### Information

== Segment start ==

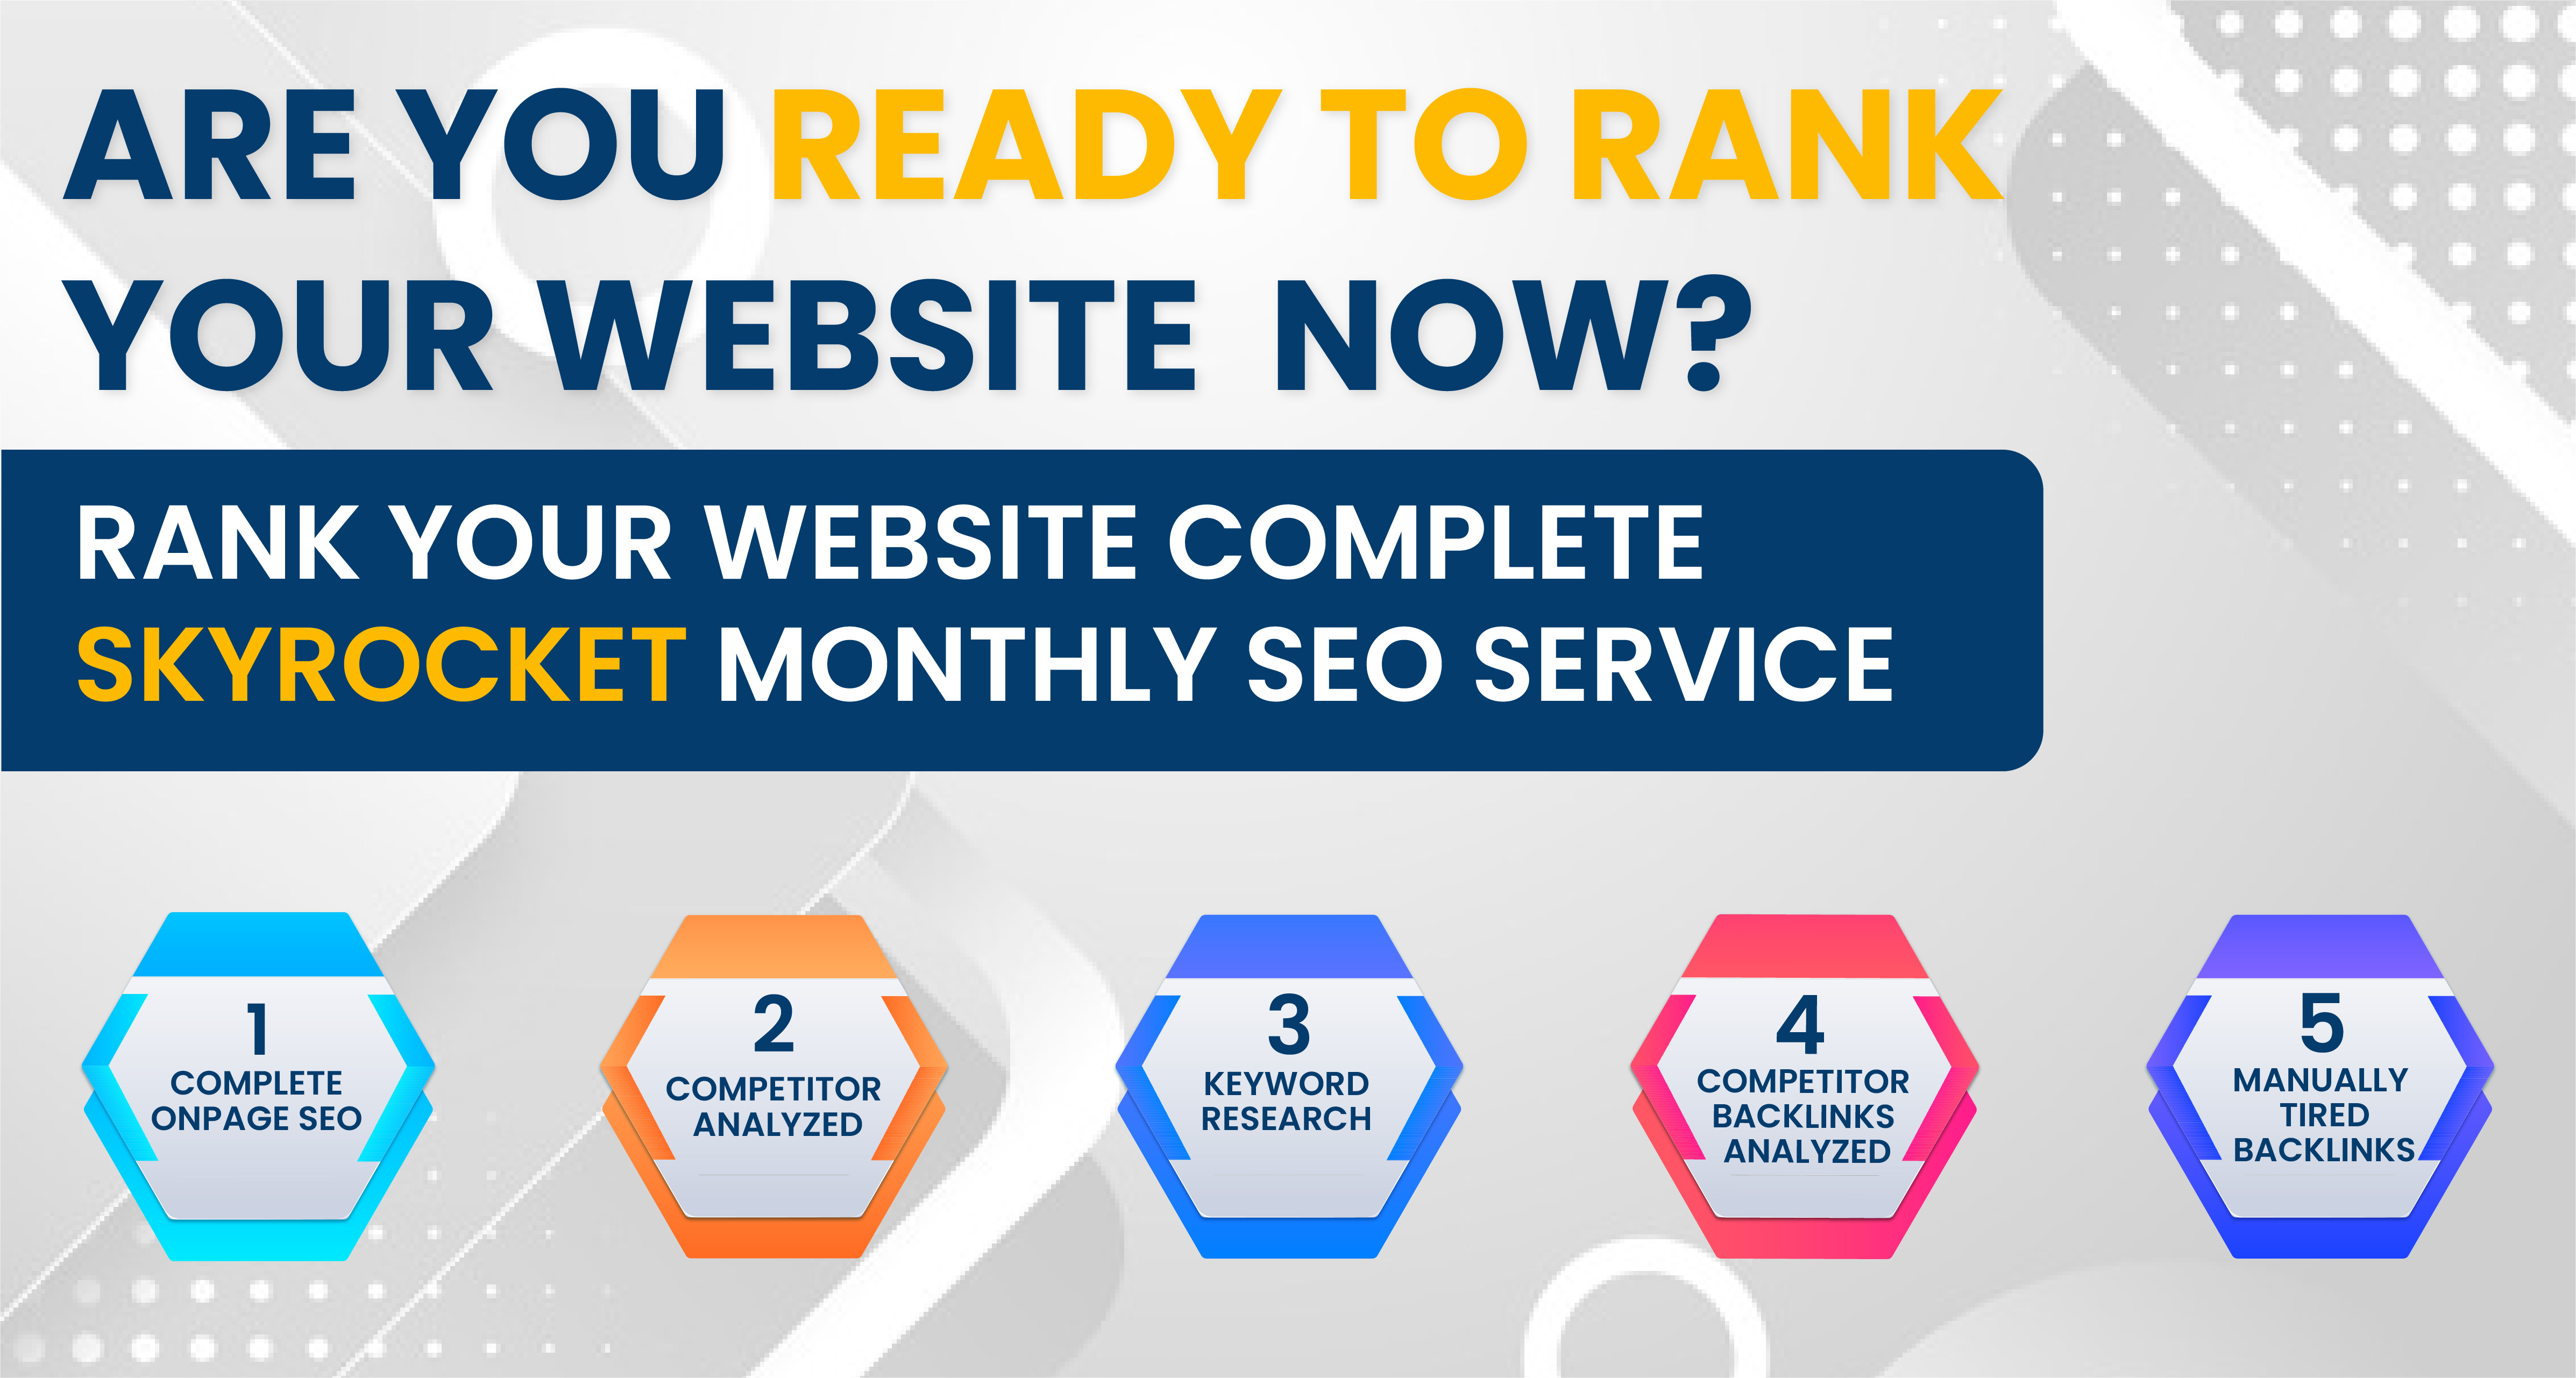 I will rank your site on first page in google complete SEO Service 30 Day Drip feed
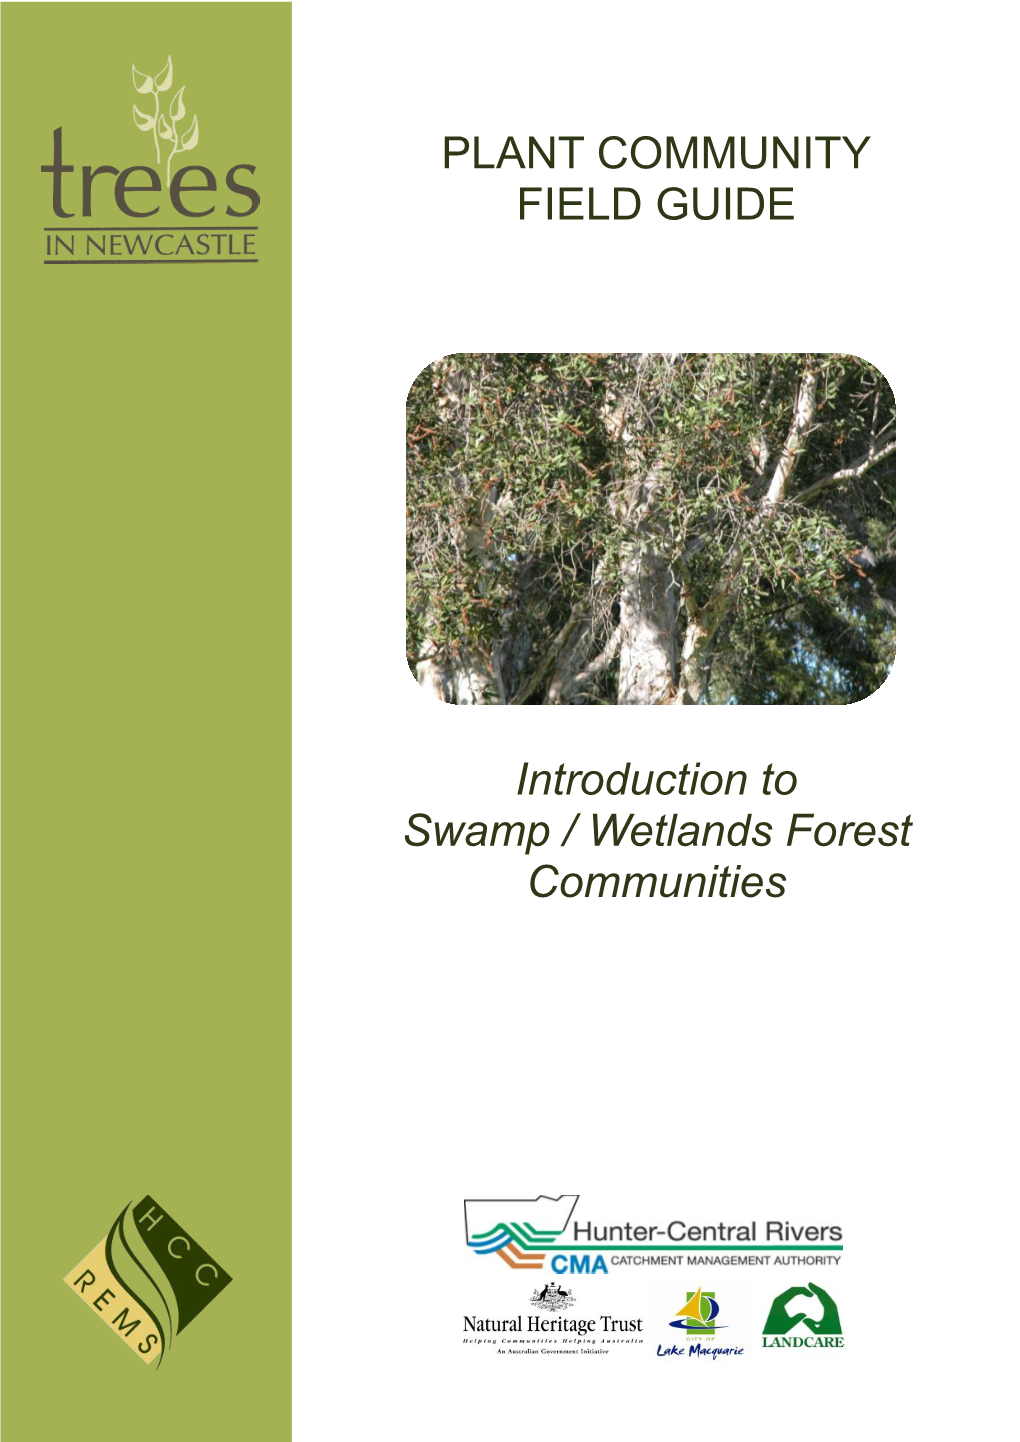 PLANT COMMUNITY FIELD GUIDE Introduction to Swamp / Wetlands Forest Communities
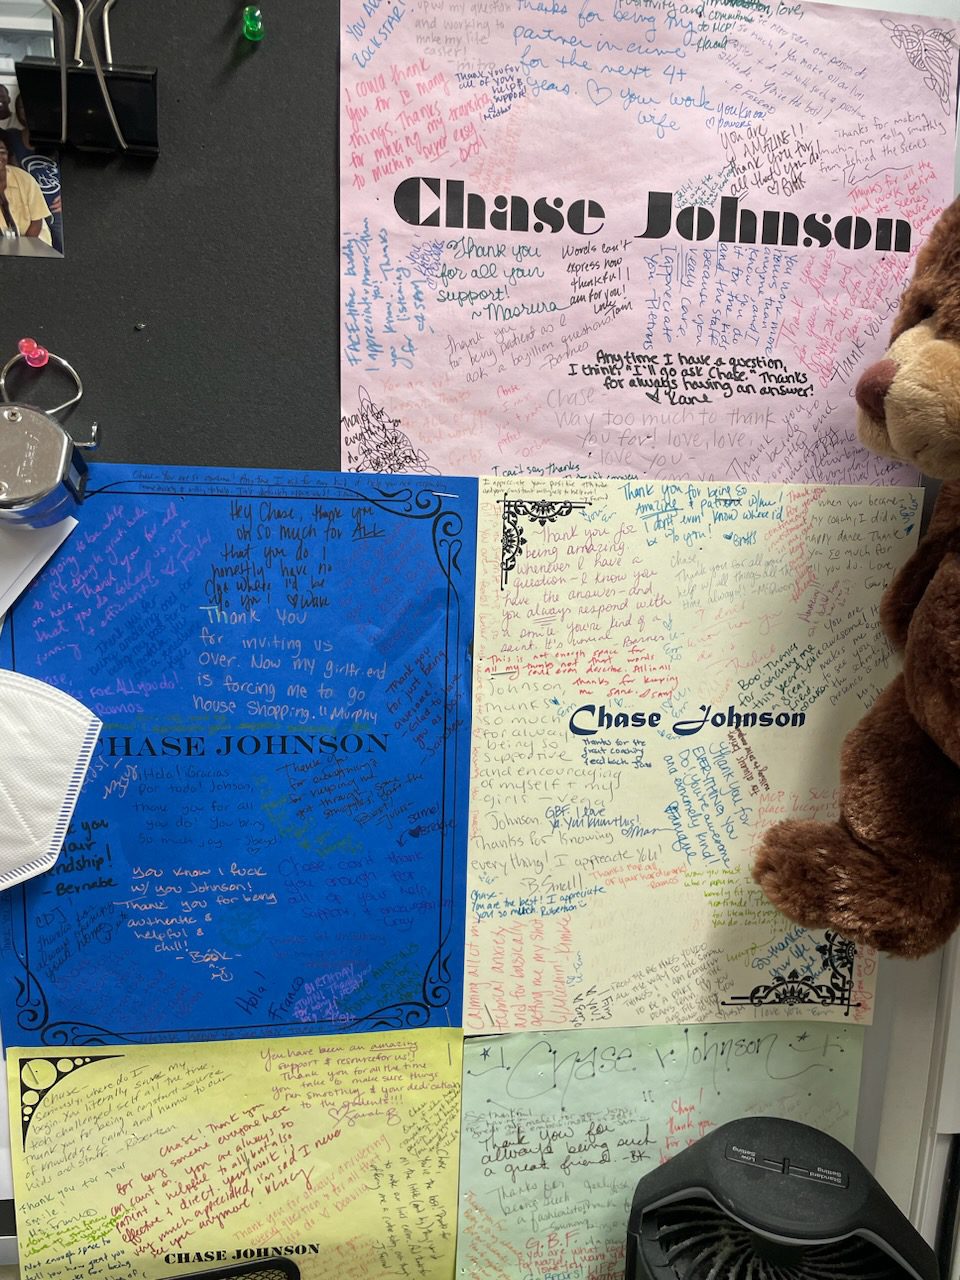 Image shows many gratitude cards with several messages for Muchin College Prep principal Chase Johnson
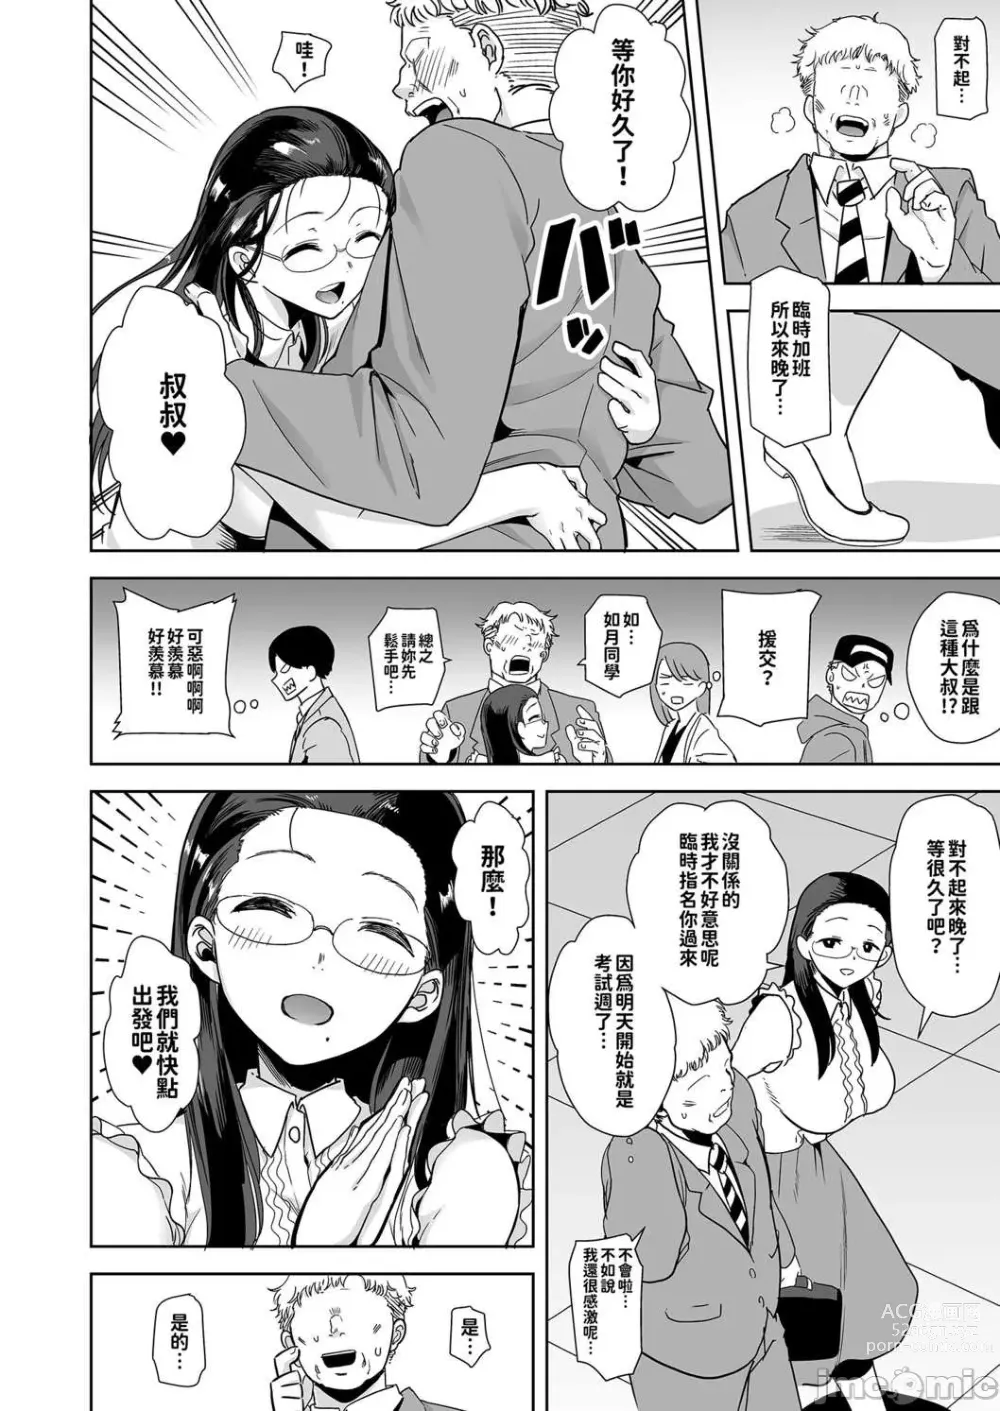 Page 5 of doujinshi 聖華女学院高等部公認竿おじさん 1-6
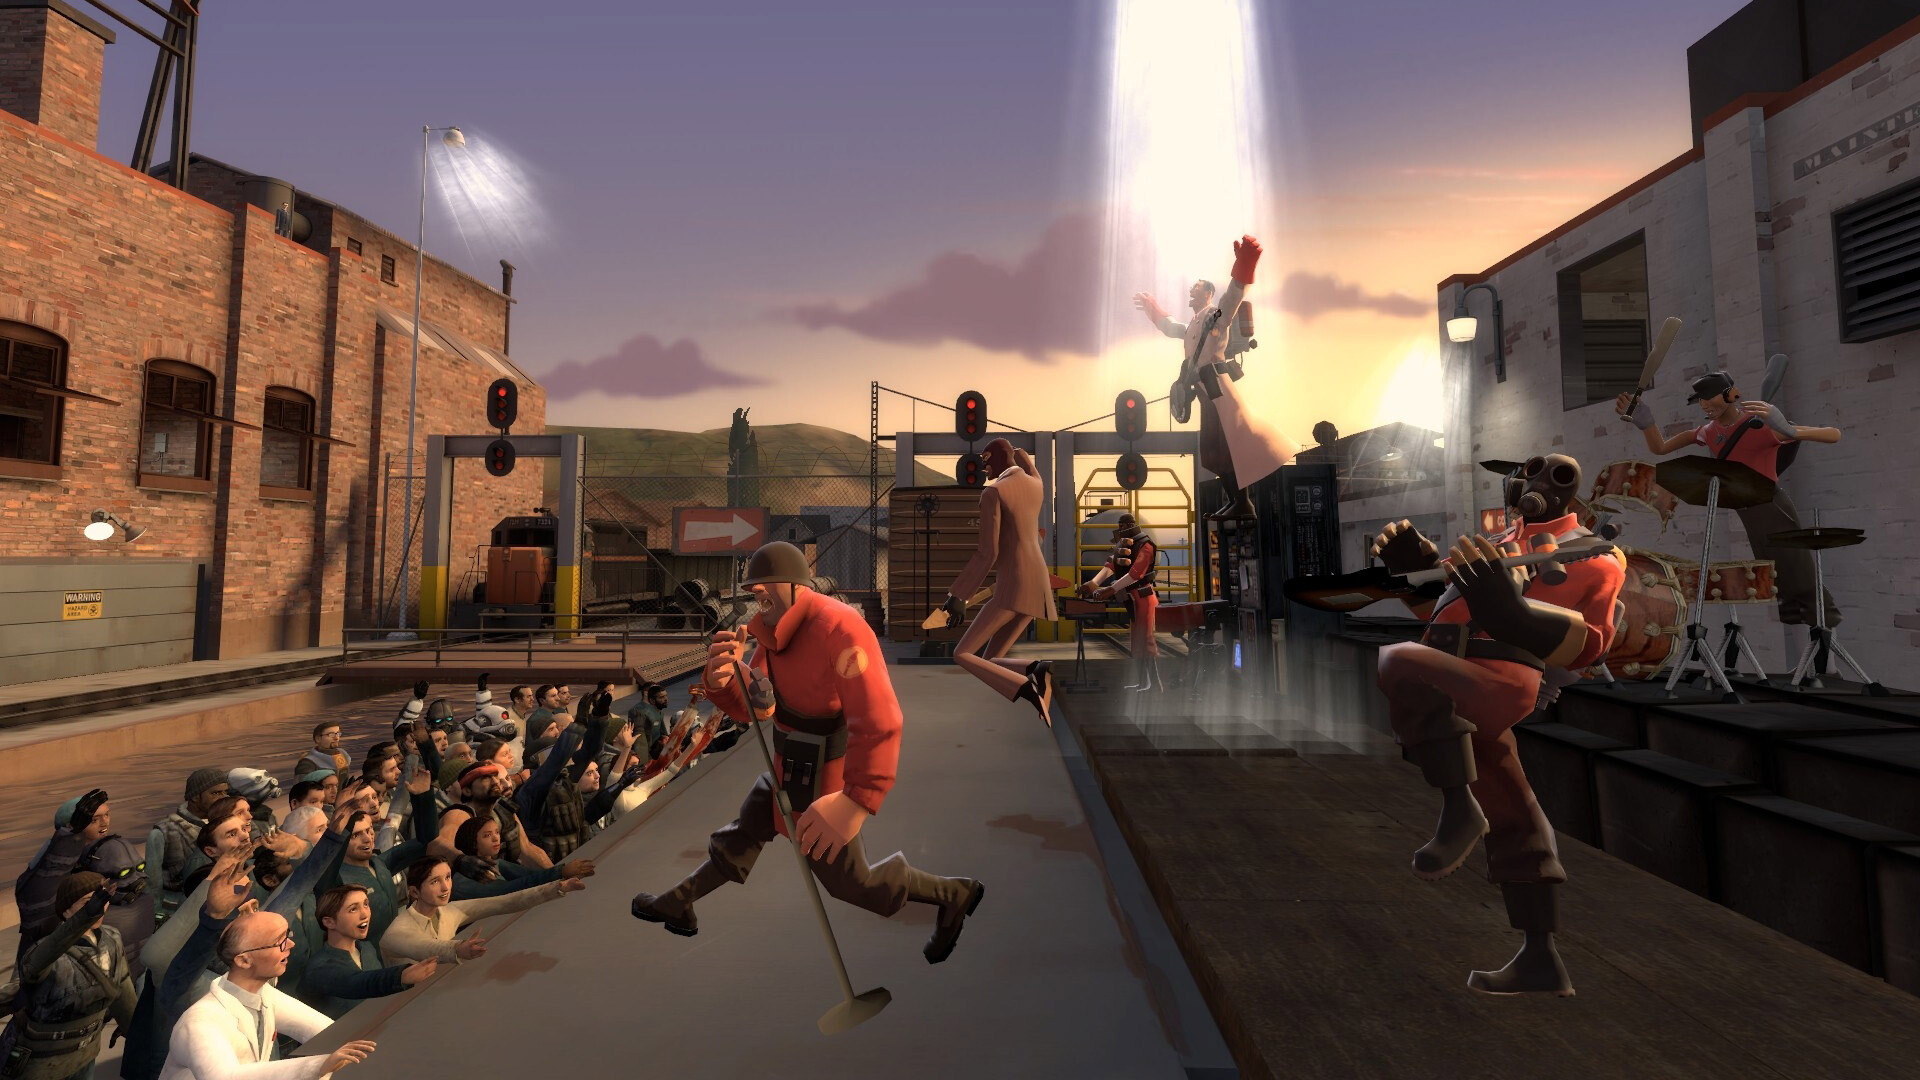 Garry's Mod: Amateur concert performed by Team Fortress 2 characters for the public from Half-Life 2, Source Engine. 1920x1080 Full HD Wallpaper.

== Segment end ==

### Activity
Reproduce the full material exactly, excluding the pictures.

### Solved exercise
 I will rank your site on first page in google complete SEO Service 30 Day Drip feed
 PLANT COMMUNITY FIELD GUIDE Introduction to Swamp / Wetlands Forest Communities
 Image shows many gratitude cards with several messages for Muchin College Prep principal Chase Johnson
 Page 5 of doujinshi 聖華女学院高等部公認竿おじさん 1-6
 Garry's Mod: Amateur concert performed by Team Fortress 2 characters for the public from Half-Life 2, Source Engine. 1920x1080 Full HD Wallpaper.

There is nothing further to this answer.